For many working mothers, there’s still the pressure of trying to ‘have it all’: a Facebook-perfect marriage, happy children, a tidy home and Insta-worthy garden, a wide circle of friends, being a regular presence at the gym, and hitting career milestones.
But Ursula Burns, the first Black female CEO of a Fortune 500 company, never understood the pressure.
“I was not a believer that you had to go to all your kids’ games. I just don’t understand what that’s all about,” she flatly told CNBC. “It takes a village, and we had the village.”
As Burns began to rise up in the business world, her husband, the late Lloyd Bean, retired to be a full-time dad to their two children, Melissa and Malcolm. The family was supported by wider family members, too, allowing Burns to lead Xerox from 2009 to 2016.

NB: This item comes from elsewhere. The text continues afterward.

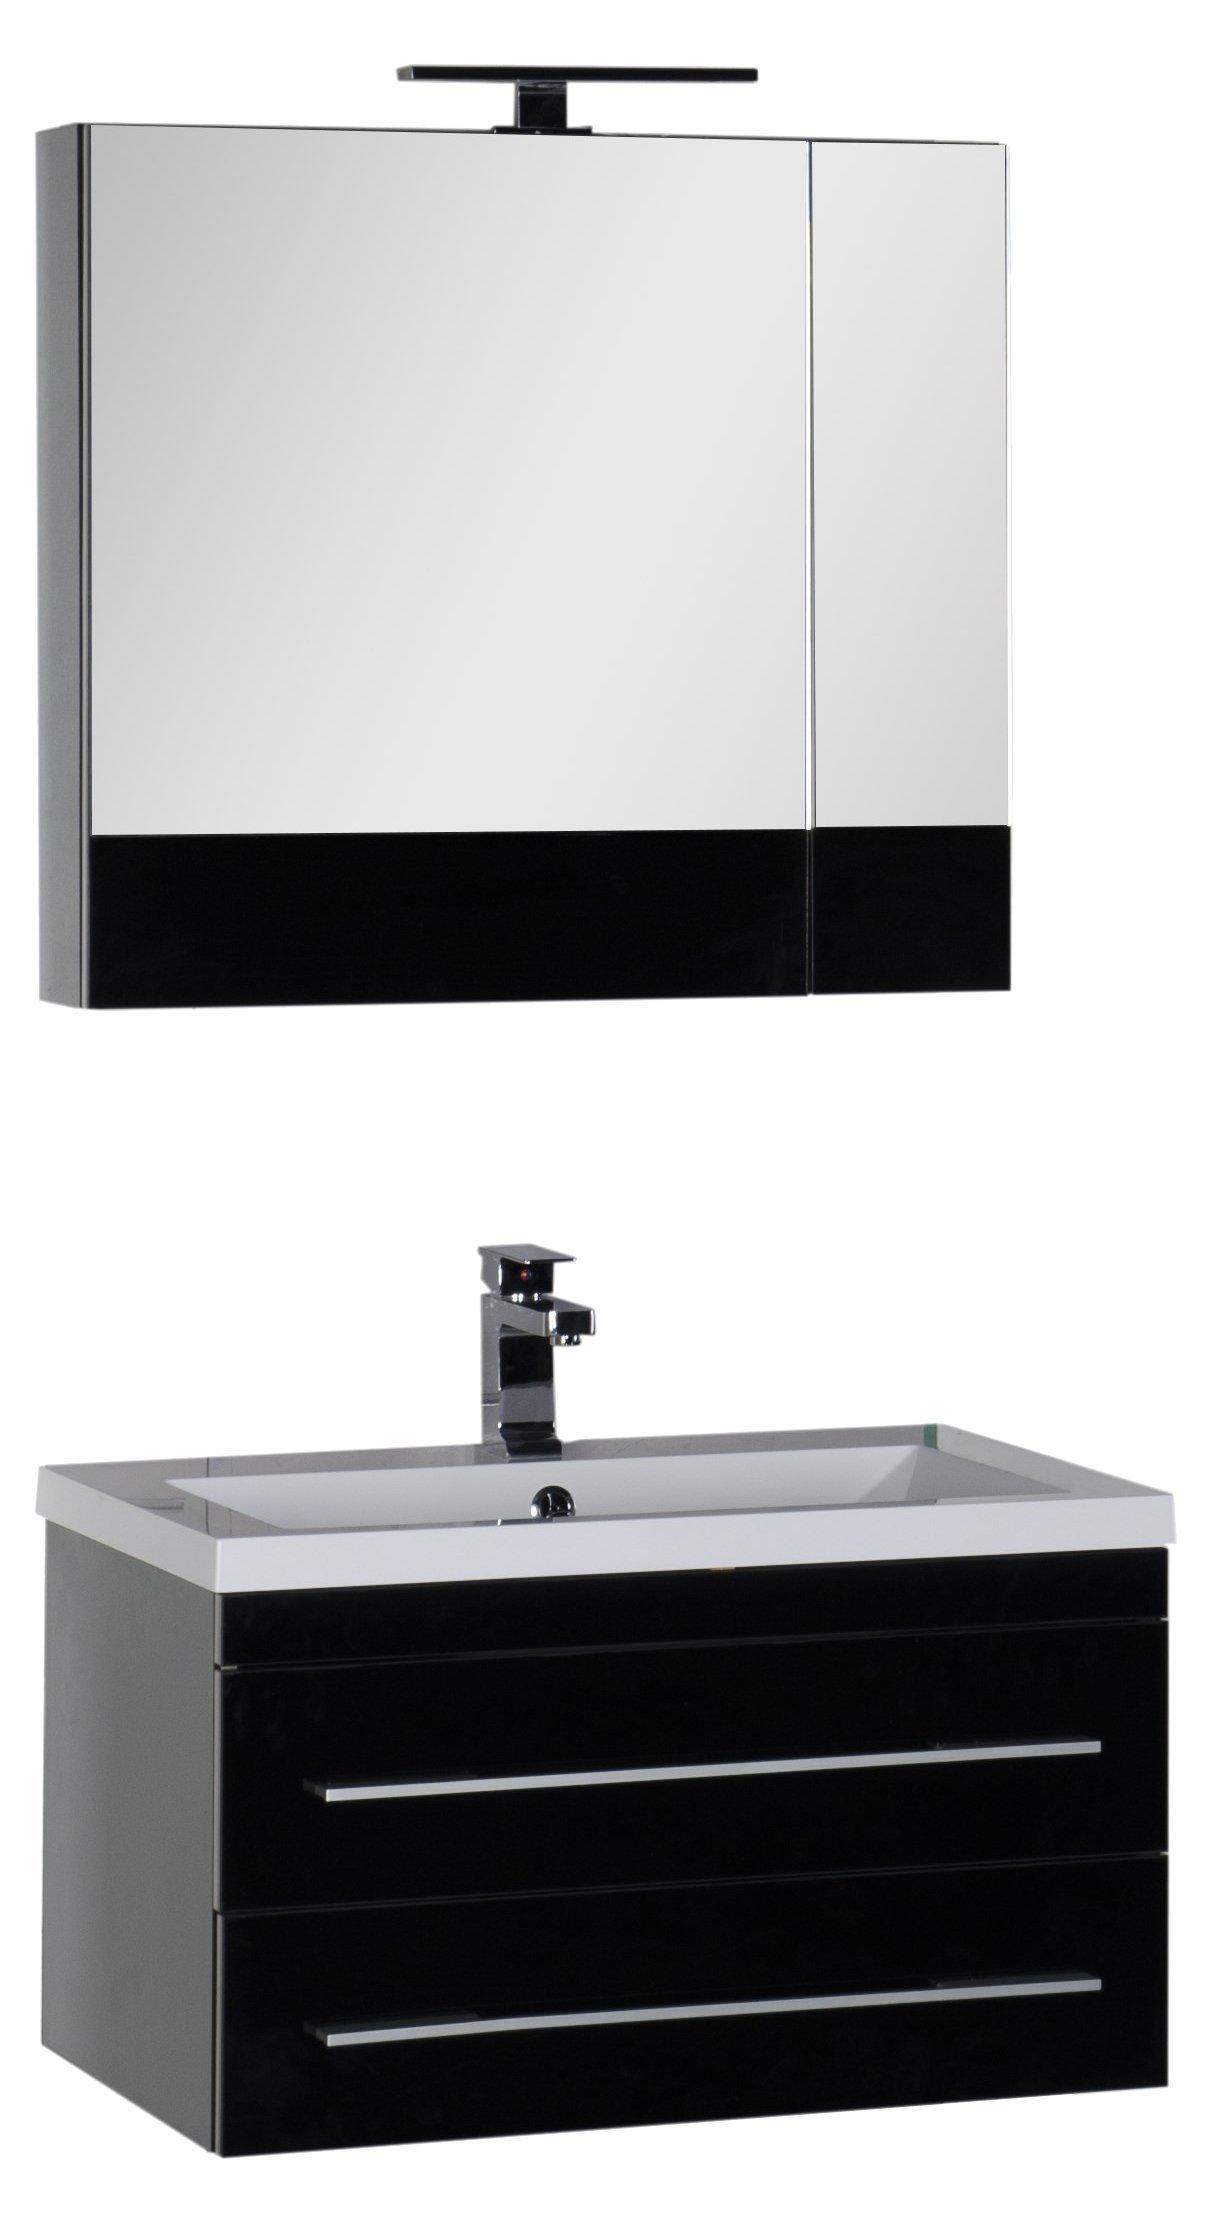 Мебель для ванной Aquanet Верона 75 подвесная черная (тумба, раковина, зеркало)

Founded in 1906, Rochester, New York, Xerox began as a printing service and has since grown to become a leader in digital document products and services. Scientists and engineers at Xerox use augmented reality, robotic process automation, additive manufacturing, Industrial Internet of Things, and cleantech in their work.
Ursula’s career and supporting STEM students
Born and raised on Manhattan’s Lower East Side, Burns and her siblings were raised by their Mother, who took on various jobs to earn enough money to pay for their education. At Cathedral High, a Roman Catholic preparatory school, Burns enjoyed maths – something recognised by teachers.
She then went on to study at the Polytechnic Institute of New York University in Brooklyn and earned a bachelor’s degree in Mechanical Engineering in 1980. At Columbia University, she completed a master’s degree in Mechanical Engineering and then joined Xerox as a summer intern for mechanical-engineering. This also paid part of her educational costs.
Once her master’s degree was completed, Burns started working at Xerox full time, beginning in product development. By 2000, she was Senior Vice President of corporate strategic services, where she was able to learn more about global research and product development. In 2007, Burns became President of Xerox, and CEO in 2009. That year, then-President Barack Obama appointed Burns to guide the White House National STEM programme, an initiative that encourages the youth in STEM careers. Burns was appointed Xerox’s Chairman of the Board in 2010.
Supporting employees in the workplace
Burns left Xerox in 2016, but the company continues to move in a sustainable direction.
It was recently named as one of Corporate Knights’ Global 100 Most Sustainable Corporations in the World.
The Age Friendly Institute has recognised Xerox as a Certified Age Friendly Employer™ (CAFE) – the USA’s only certification programme that identifies businesses welcoming and supporting those aged 50+.
The title of Burns’ 2021 memoir, ‘Where You Are Is Not Who You Are’, is based on a quote from her Mother.
“I had to always remember during my rise to the top, that those circumstances were only a portion of who I was. People around me, even if they didn’t have as much as I had – or had more – were worthy of attention. It was my Mother’s way of saying ‘Don’t get too big for your breeches’, make sure that you understand that humans are humans. They deserve respect and being cared for.”